A related idea, which Lewis attributes to Silicon Valley venture capitalist Andy Kessler, is that Internet technologies empower the fringe over the center. "For example, we spent a week in Finland asking the question how did a society that was basically a nonentity in Europe become a society that is now on the leading edge of technology and the communications revolution?"
Lewis’ final overarching theme is that "one day thousands of years from now, if people are still alive, they’ll look back on this period as the endgame of democracy. I don’t mean that democracy is coming to an end but that it’s becoming more and more extreme. The democratizing instinct wants to level everything."
Lewis says he struggled to embody these themes in the narrative. "What Next really wanted to be was a series of arguments about how the world is changing and how the Internet plays a part in that. But I’ve always felt the essay is a cheat. It’s harder, more challenging and more interesting if you can turn it into a narrative. So I go looking for scenes. I structure pieces of writing like a novel."
Lucky for us. Particularly in the first two-thirds of the book, where Lewis relates the stories of three teenage boys whose lives are profoundly changed by the Internet, the narratives are compelling. There is the moving story of Daniel Sheldon, a brilliant boy who is basically educating himself on the Internet, because the schools in his working class English town have failed him. There is the weirdly disturbing story of Marcus Arnold, who has become an extraordinarily popular dispenser of legal expertise via the Internet, even though he is only a teenager and has never opened a legal book. And there is the surly Jonathan Lebed, who made a killing in the stock market by trading online, often from the school library in Cedar Grove, New Jersey, and ran seriously afoul of the Securities and Exchange Commission in the process.
It’s the story of Lebed that leads Lewis to interview Arthur Levitt in what is probably the highpoint — or lowpoint — of the book. With a sort of deadpan humor, Lewis exposes Levitt’s empty pomposity and self-satisfied platitudes in a scene that might have made Mark Twain proud.
"It was shocking," Lewis says, reflecting on his interview with Levitt. "He’d been all over television talking about this case . . . but while I’m talking to him it becomes clear to me that he doesn’t understand not only this case but also the way the markets actually work. The 16-year-old kid’s description of the world is much more persuasive than the head of the SEC’s. That was something that took me a minute to get my mind around. Here in a microcosm was what I’d been talking about. The head of the SEC’s authority was badly undermined because he didn’t know what he was supposed to know, and that information was widely available on the Internet."

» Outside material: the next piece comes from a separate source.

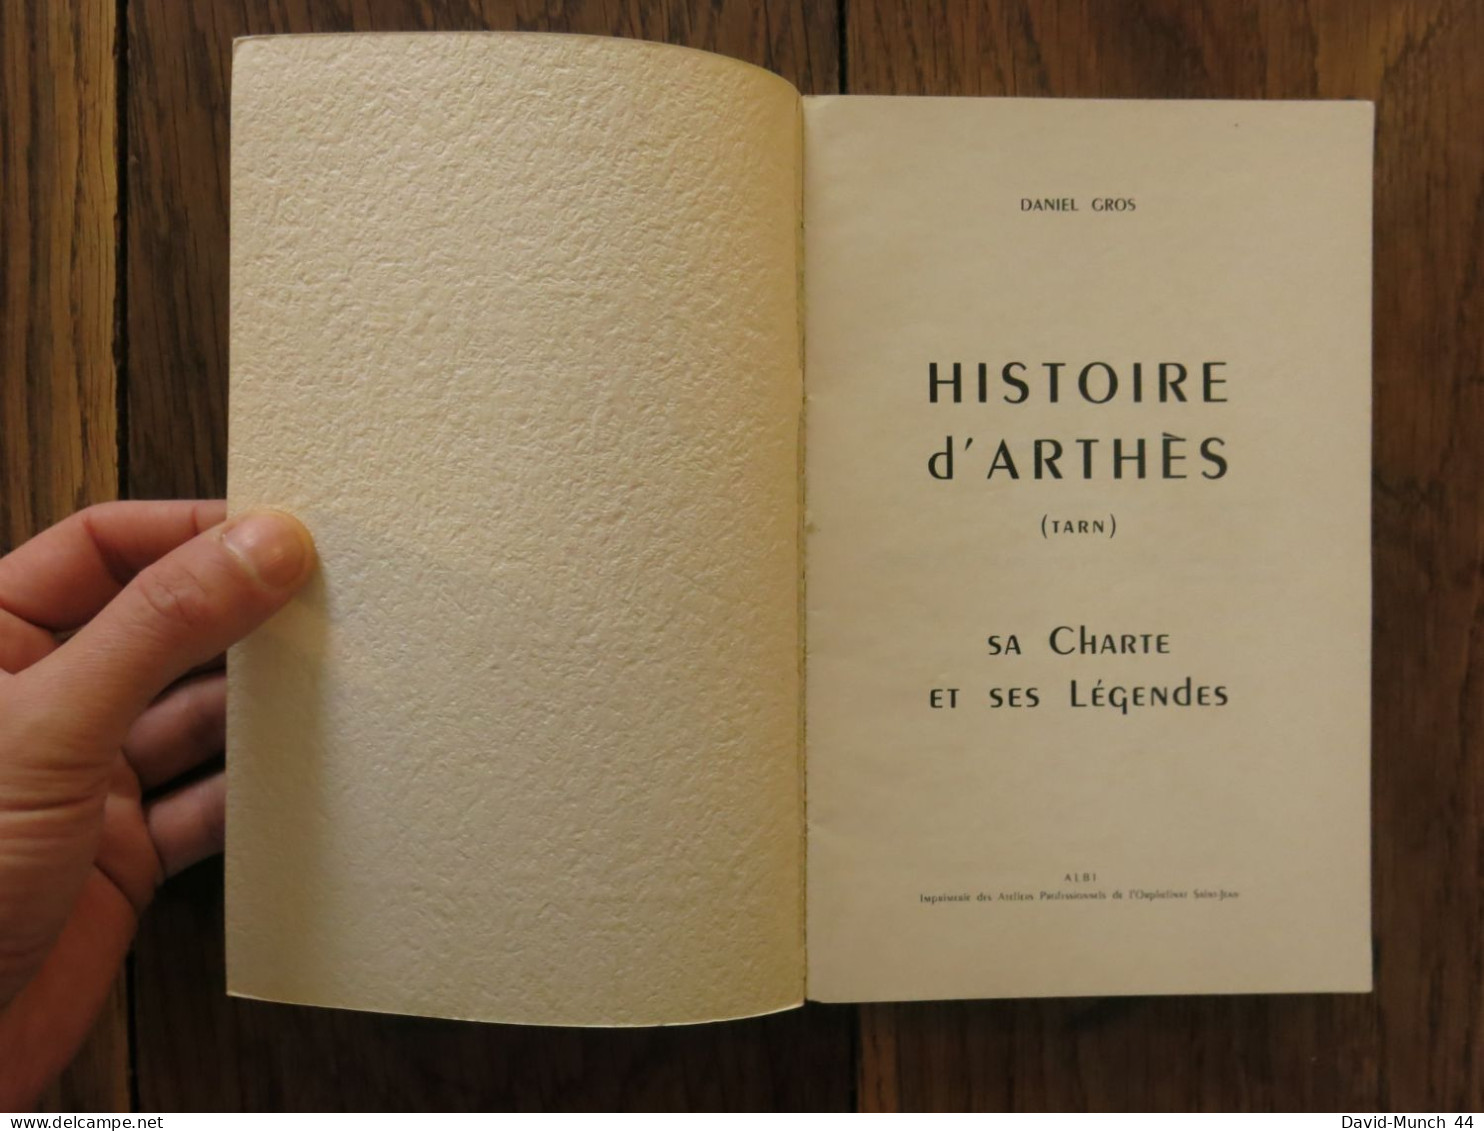 Histoire D'Arthès (Tarn), Sa Charte Et Ses Légendes De Daniel Gros. 1966 - Midi-Pyrénées

Lewis delivers a similar comeuppance to Bill Joy near the end of the book. Joy, who was responsible for the technology behind Sun Microsystems, has recently become famous for an essay warning of the dangers of new technologies. This strikes Lewis as ludicrous. "I found his article completely unpersuasive. It read like the work of a charlatan to me. All of its clout as an argument came from the fact that it was written by someone everybody thinks is a genius. . . . The Internet has vaulted computer scientists to a new level, where they can now start meddling in the big questions of social philosophy. They want to be grand old men in a world that’s designed not to have grand old men. I thought it was important for that reason to hurl a stink bomb into their world."
Of course Lewis’ stink bombs usually come with a strong dose of common sense and a big whiff of laughter. "I’ve always been somebody who laughed at inappropriate moments," he says. "Humor is a natural predisposition for me. . . . Humor is my spitball."
Alden Mudge writes from Oakland, California.